What's the current state of the art on this? Last time I looked it was really not trivial, because of two things:

1) there is only one bootloader (grub2) that can load kernels from encrypted /boot partitions, but the support for that is limited, you have to use a weaker encryption if I remember correctly, AND decryption speed (after entering the luks password) is super slow, because the CPU extensions that speed that up (AES) are not yet online that early in the boot process

2) you can choose to not encrypt /boot, and have it as a separate partition, but now your btrfs snapshots will not include the kernel, so restoring after kernel upgrades is going to break your system


Check out Arch's wikipedia for plain dm-crypt.


I am only really familiar with Arch and OpenSUSE, so I don't know how other distros do it, but OpenSUSE keeps the (I believe) latest 5 kernels, so I just have to delete snapshots older than the oldest kernel in my /boot.
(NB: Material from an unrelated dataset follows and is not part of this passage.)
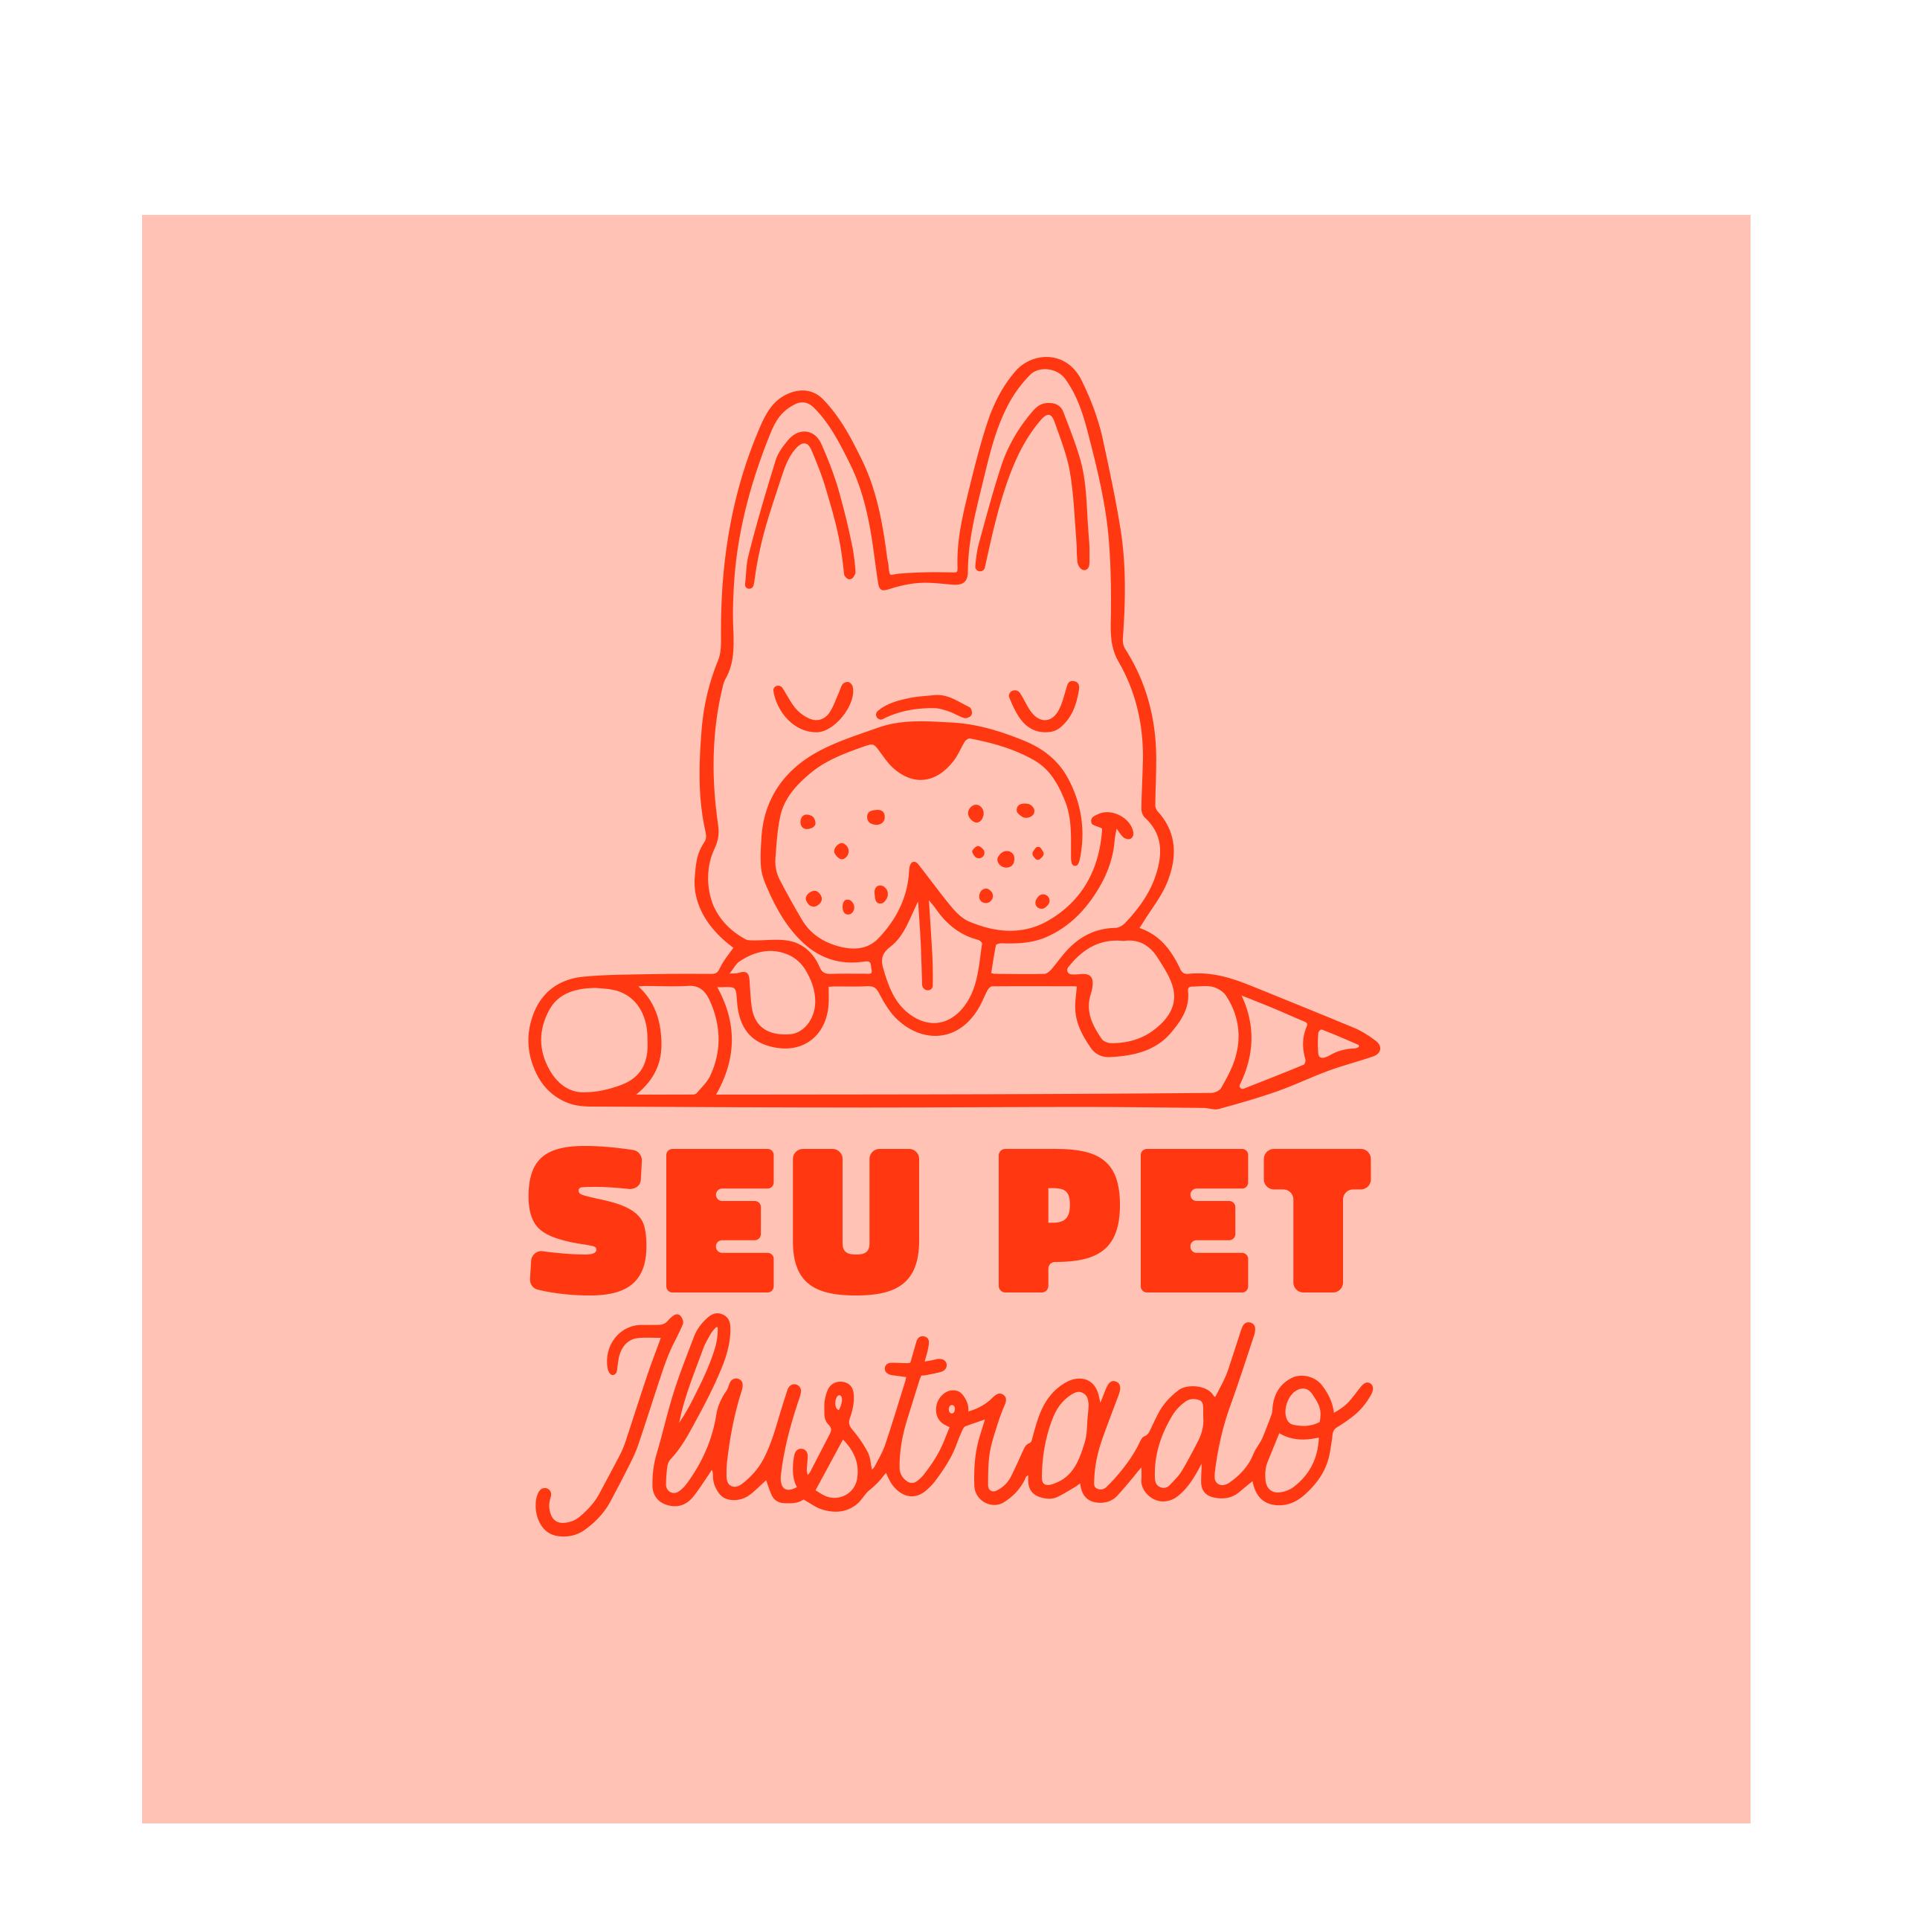 Seu Pet Ilustrado
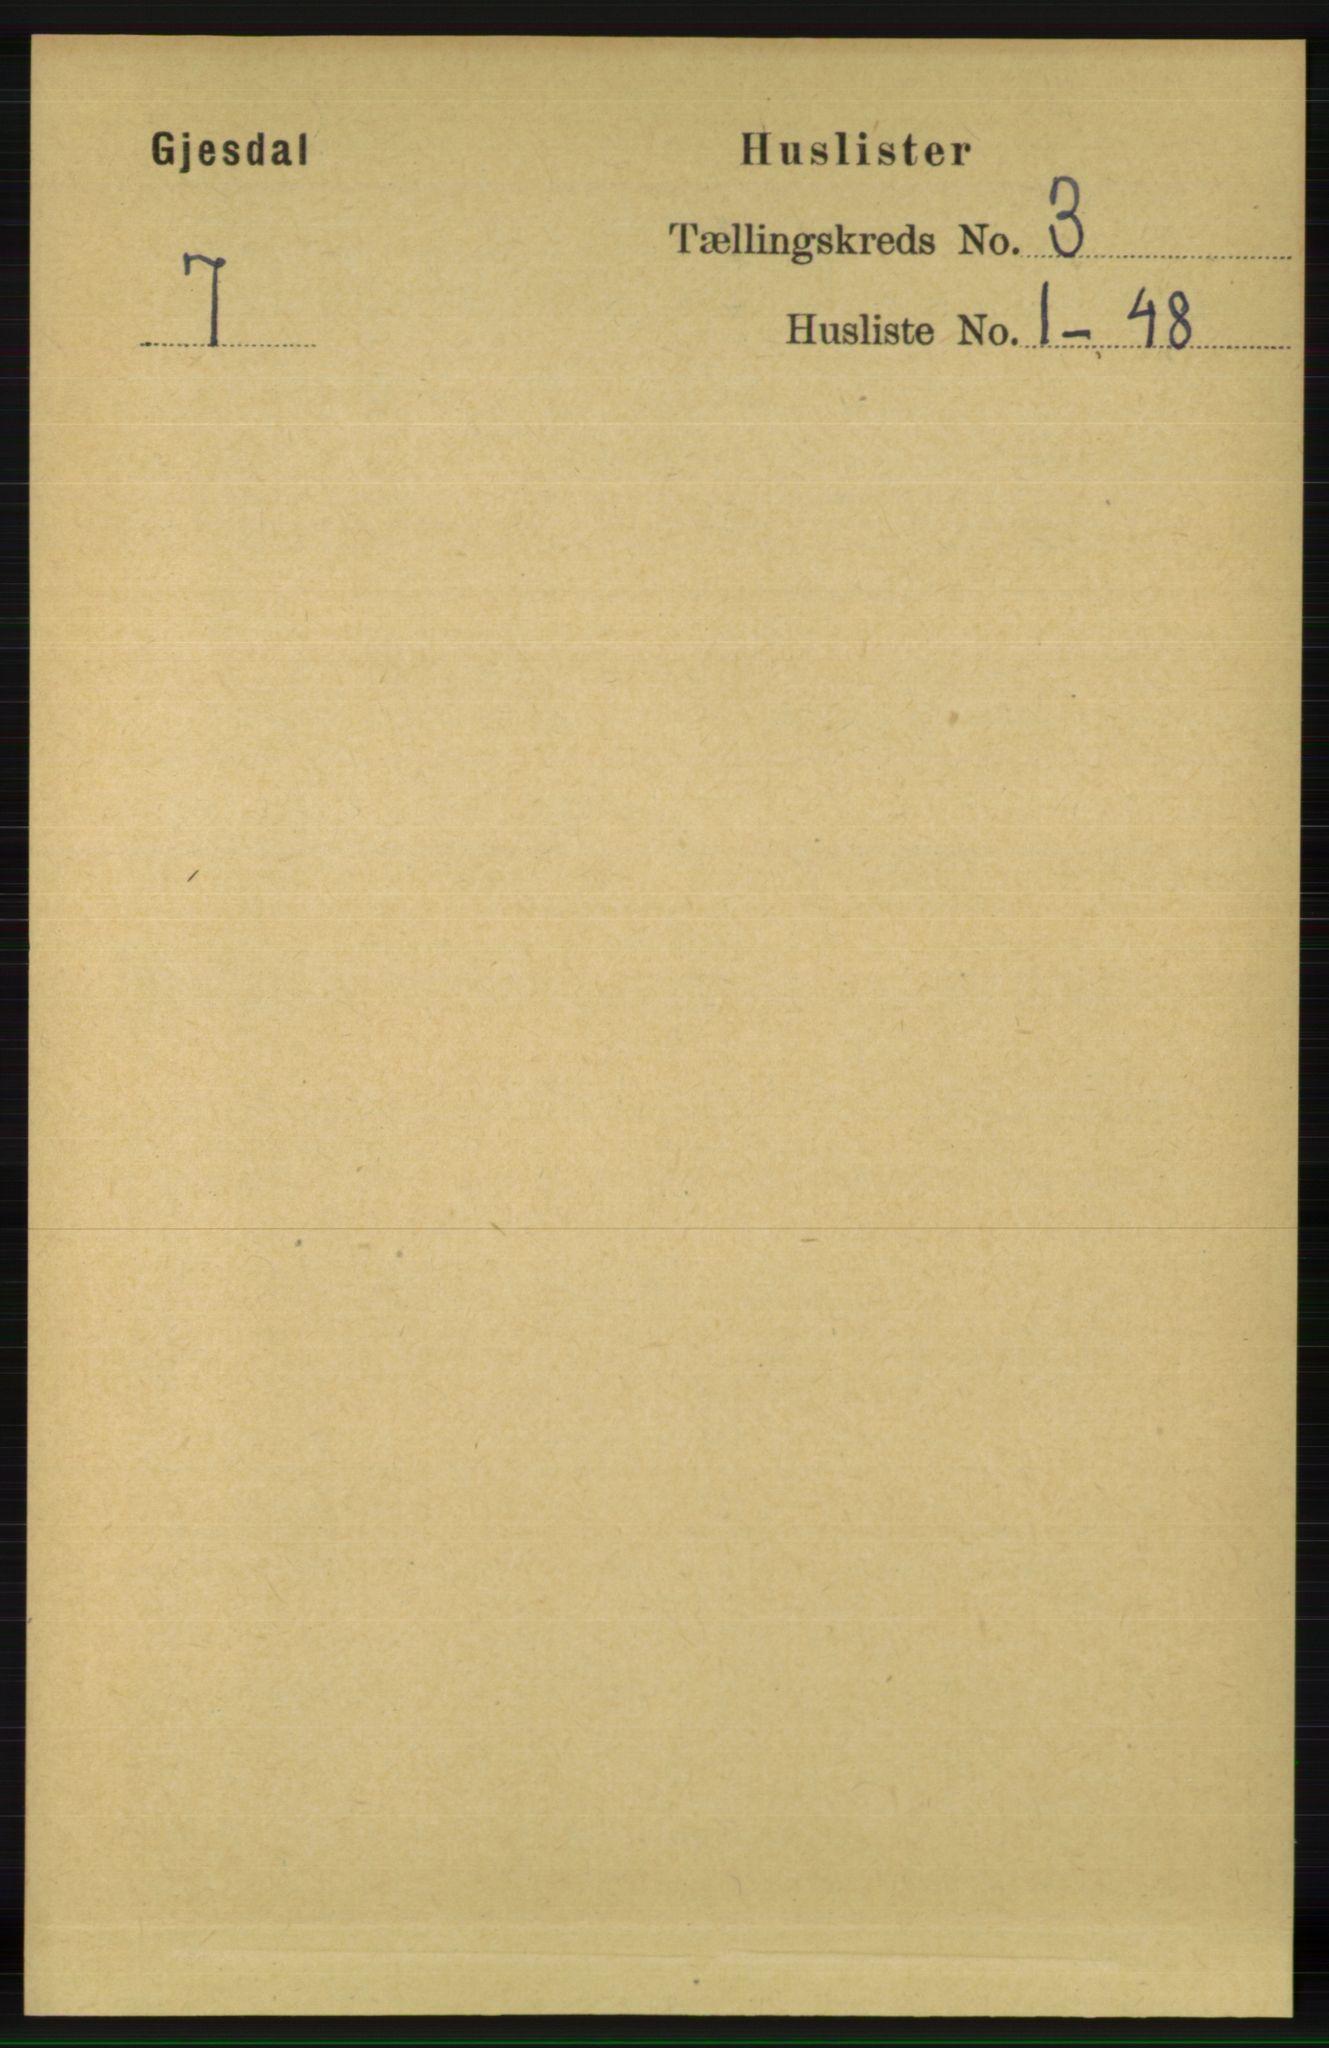 RA, Folketelling 1891 for 1122 Gjesdal herred, 1891, s. 683

I like that system so I do the same thing on Arch (but don't tell anyone, otherwise I'm gonna get yelled at).


Doesn't deleting old kernels defeat snapshots? You do a system update, you get a new kernel, you delete the old ones, now all snapshots that depend on that older kernel are busted, what am I missing?


You may have misread, what I do is I keep the 5 latest versions of the kernel the distro ships and I delete snapshots which depend on kernels older than those 5. I could keep all the kernels and snapshots, but I don't have that much storage dedicated to / and /boot.


It really is easy, it is just mostly a matter of proper initramfs, and a "linux" line in the GRUB configuration file. Arch wiki gets into it in detail.